Toutefois, l'attention des grandes puissances et du Conseil de sécurité des Nations unies ne devrait pas se concentrer exclusivement sur les armes nucléaires, car l'utilisation d'autres armes de destruction massive dans la région est un fait bien documenté et, de même, le degré de développement des vecteurs de ces armes - c'est-à-dire les missiles balistiques - est inquiétant.

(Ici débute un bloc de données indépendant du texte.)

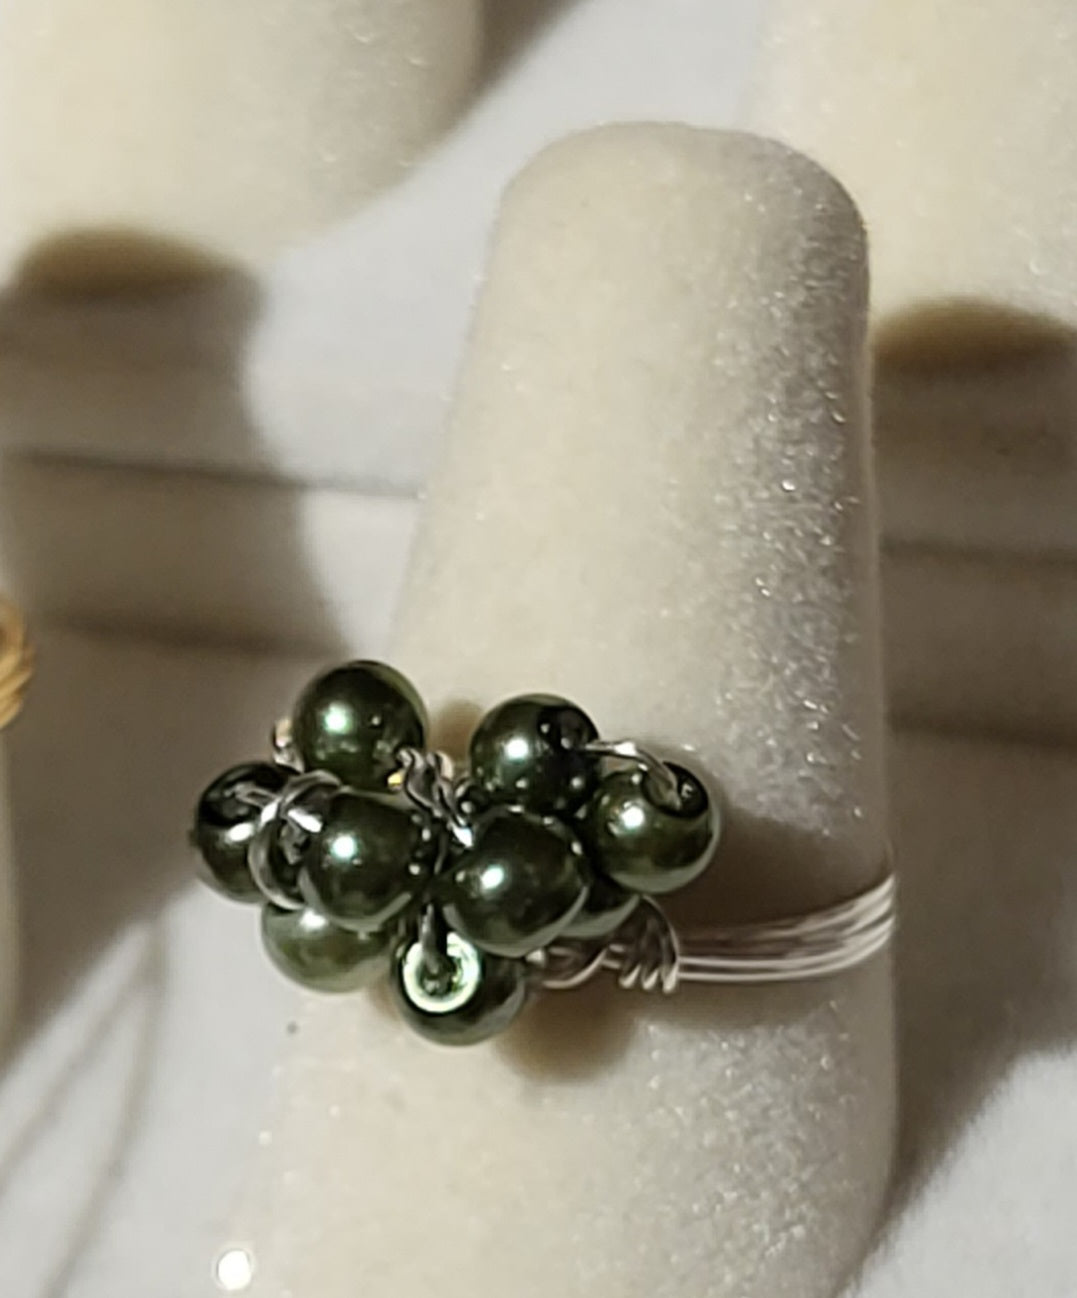 Tiny Hunter Green Pearl Cluster Ring. Silver tone. Size 7.5

Par conséquent, malgré l'annonce récente de la reprise des négociations entre les États-Unis et l'Iran en vue de la reprise du JCPOA - qui apporte une lueur d'espoir pour rétablir la stabilité dans la région -, l'accord de coopération entre la Chine et l'Iran, les mesures approuvées par le parlement perse pour s'affranchir des contrôles de l'Agence internationale de l'énergie atomique et l'opposition du Premier ministre israélien, Benjamin Netanyahu, à un accord nucléaire avec l'Iran ne font que saper tout effort visant à empêcher une escalade des armements aux résultats incertains mais probablement catastrophiques. Ce qui est certain, c'est qu'au milieu de tout ce brouillard de malentendus, de menaces et de nervosité, nous ne pouvons qu'affirmer avec certitude que la prolifération est en hausse au Moyen-Orient.